--- START ---

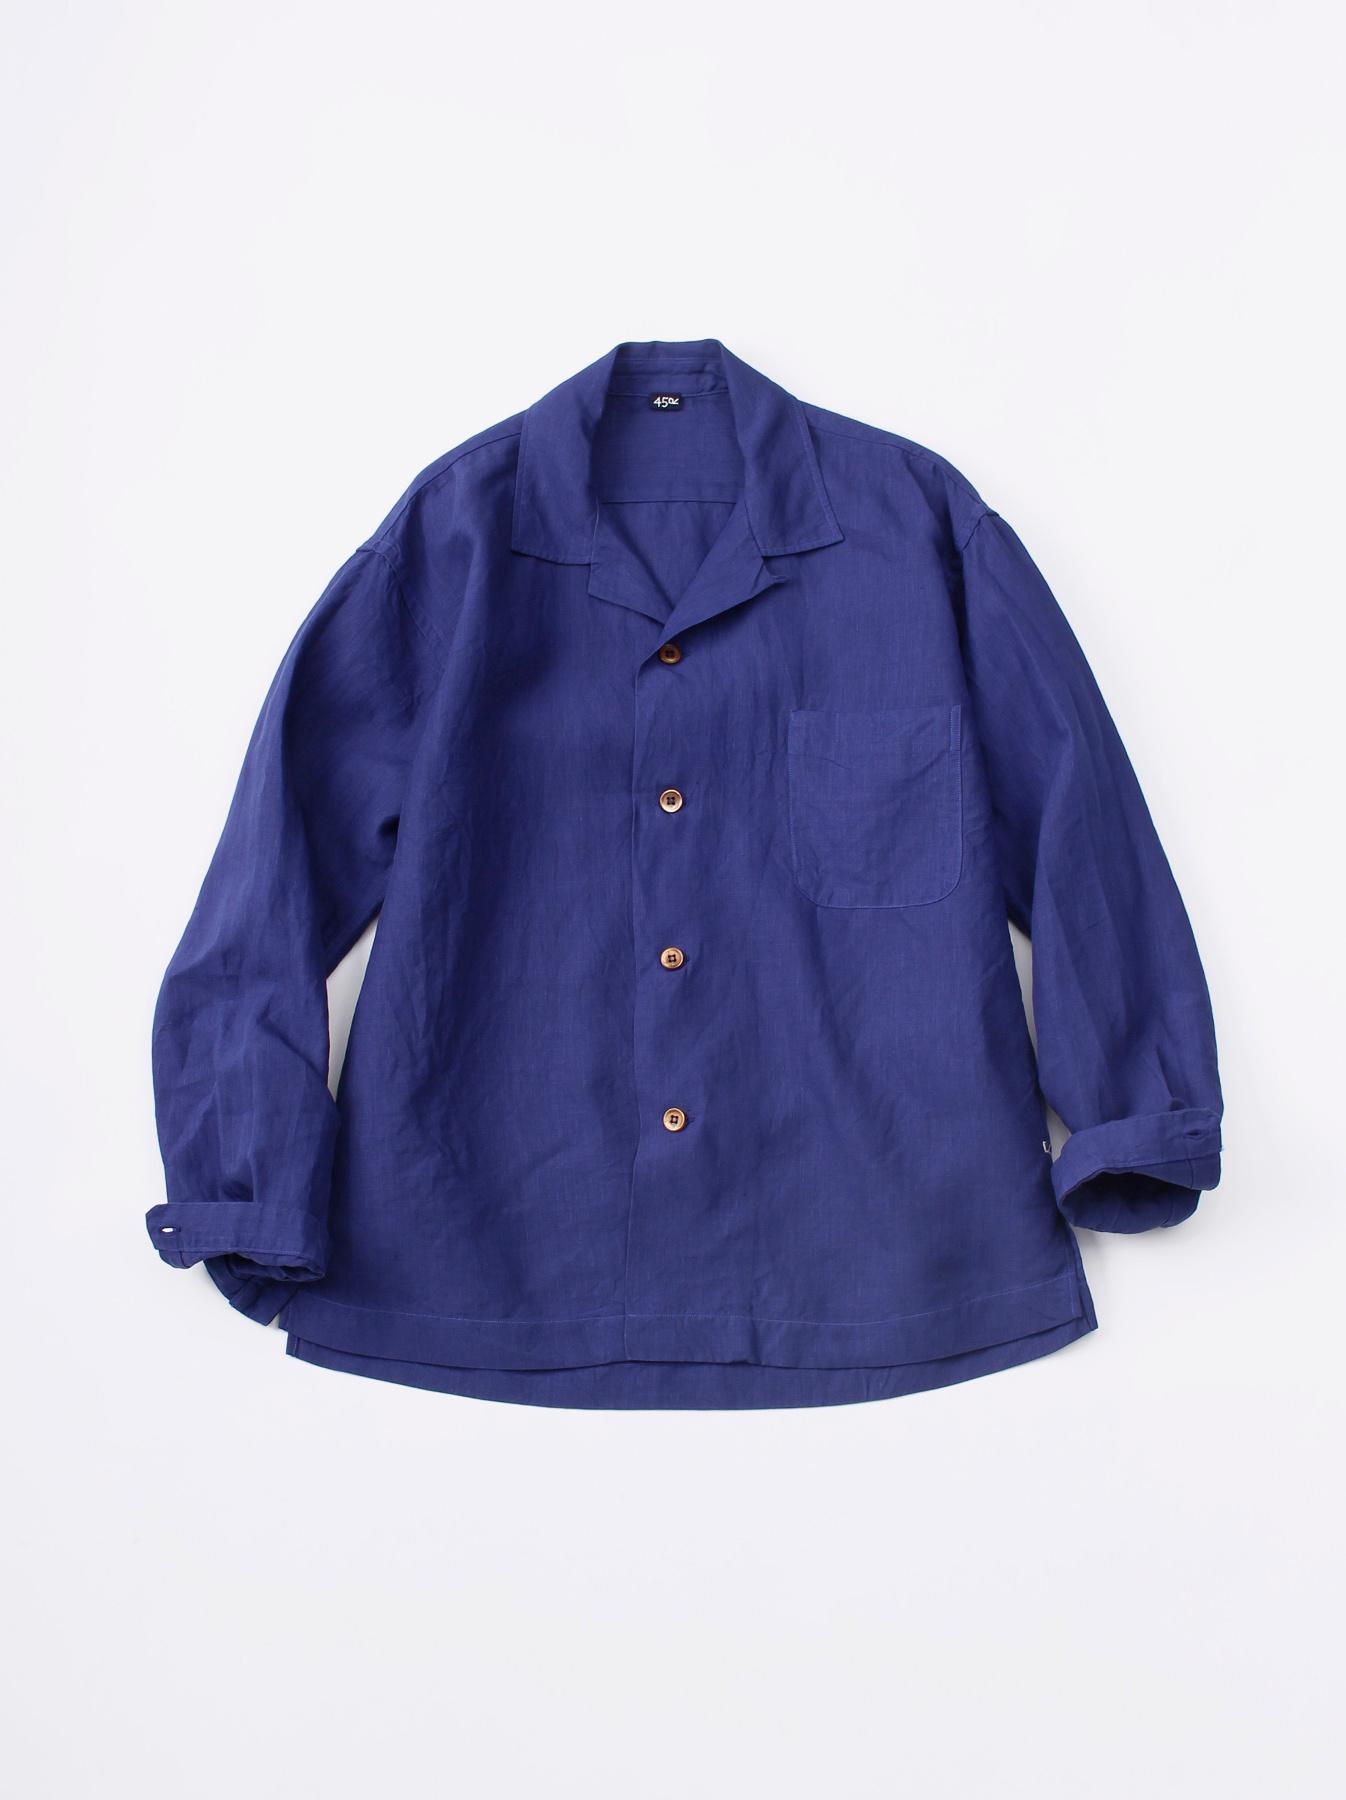 WH Piece-dyed Linen 908 Safari Shirt-1
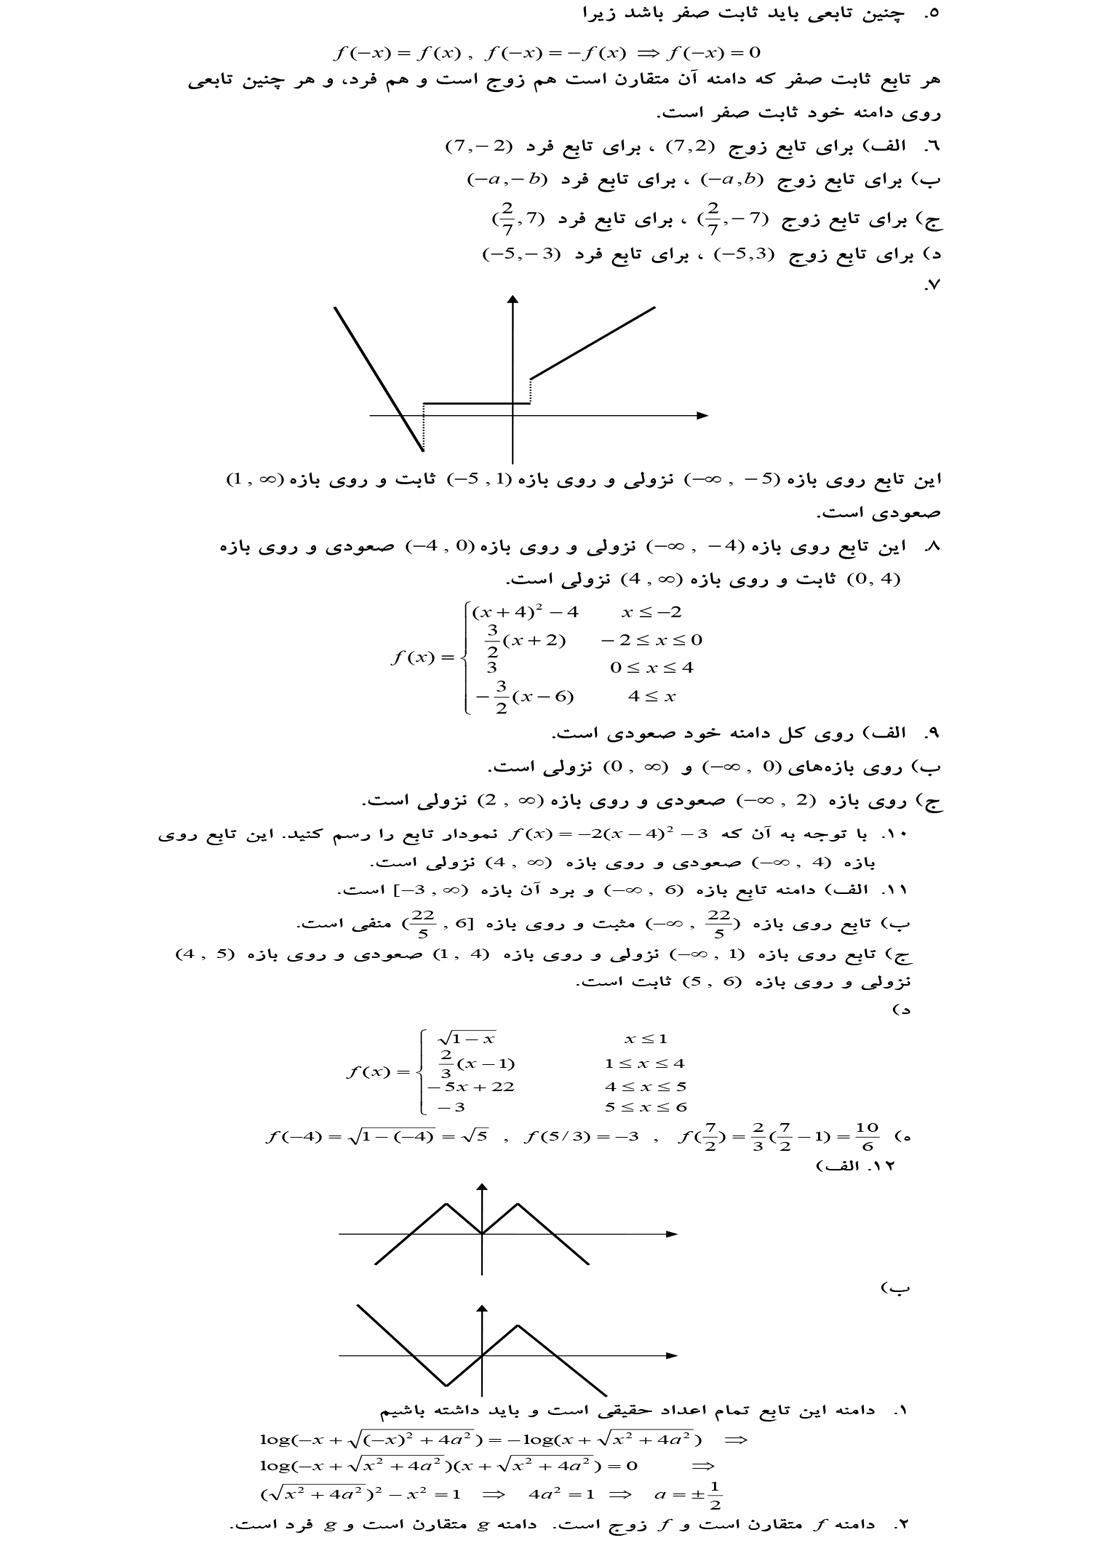 ادامه حل مسائل صفحه 84 فصل دوم حسابان سال سوم
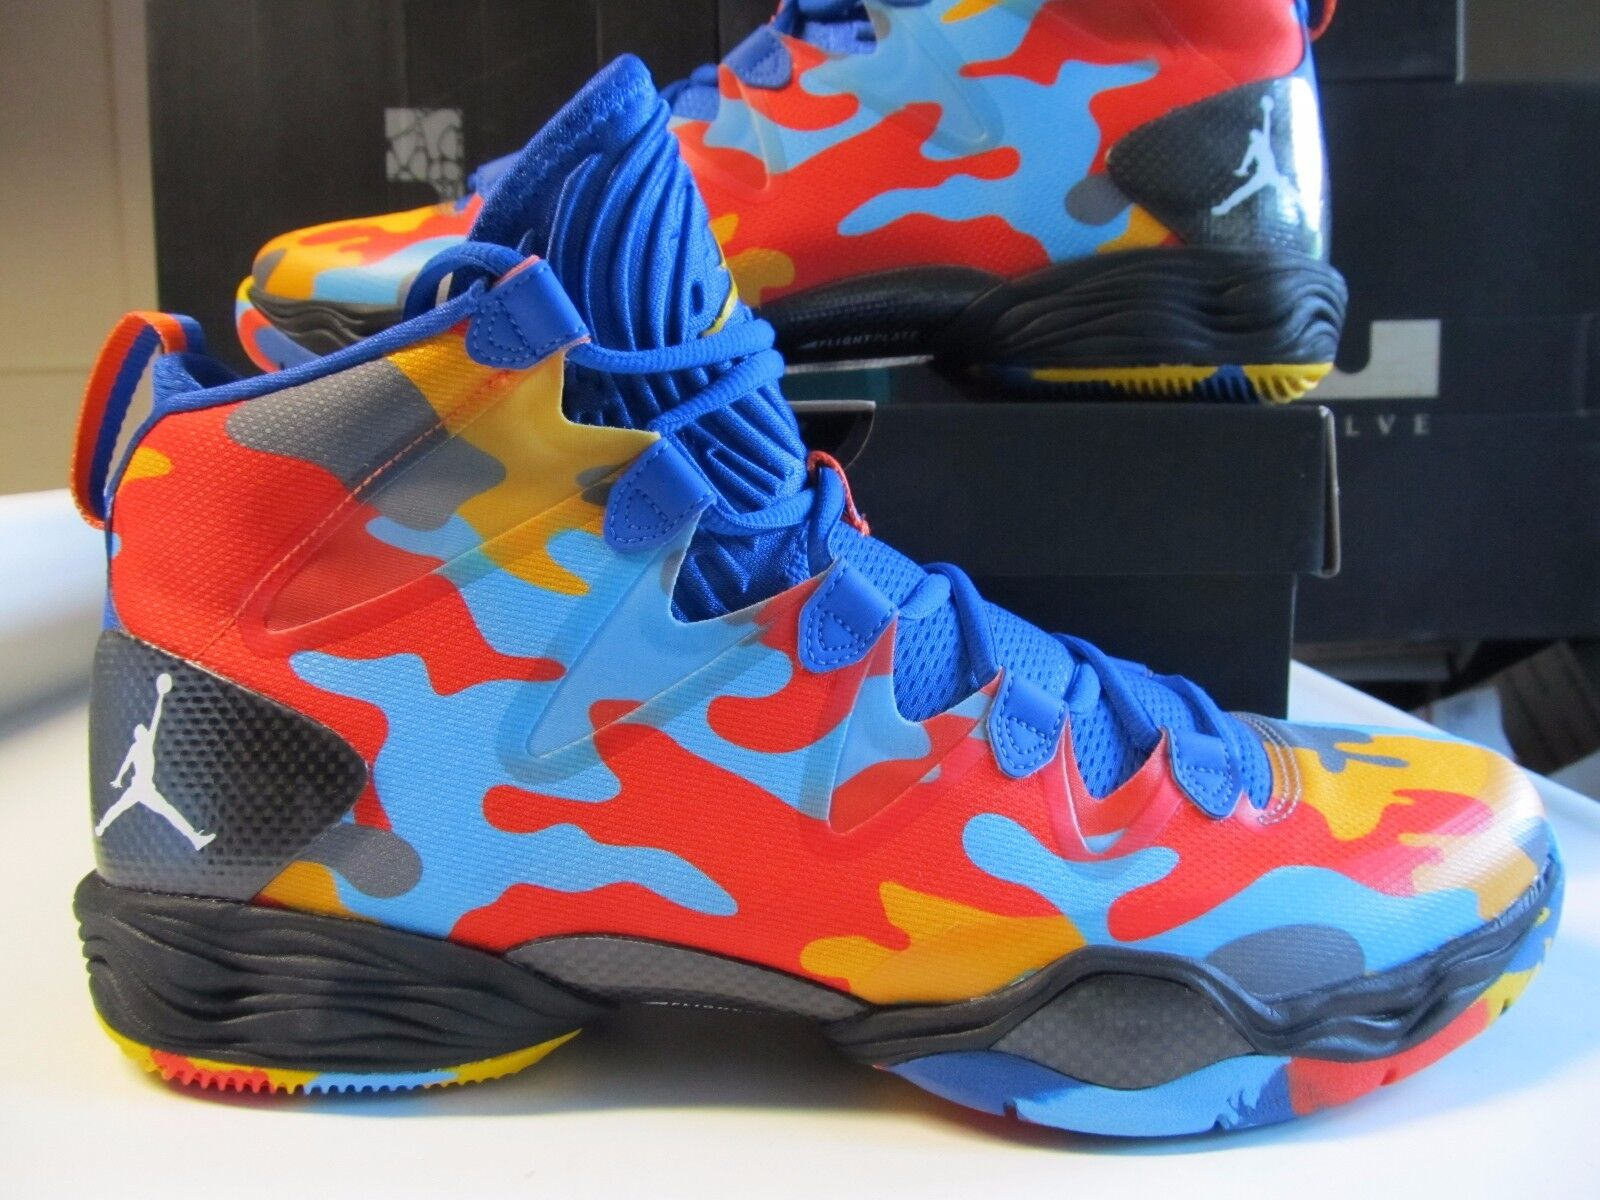 Nike Air Jordan XX8 SE CAMO Blue Org RUSSELL WESTBROOK 616345 450 28 okc thunder

--- END ---

# [Task objective]
Retype verbatim only the lines beginning with the line that contains "ادامه حل مسائل" and ending with the last line of the listing above; pictures are to be excluded.

# [Exercise output]
 ادامه حل مسائل صفحه 84 فصل دوم حسابان سال سوم
 Nike Air Jordan XX8 SE CAMO Blue Org RUSSELL WESTBROOK 616345 450 28 okc thunder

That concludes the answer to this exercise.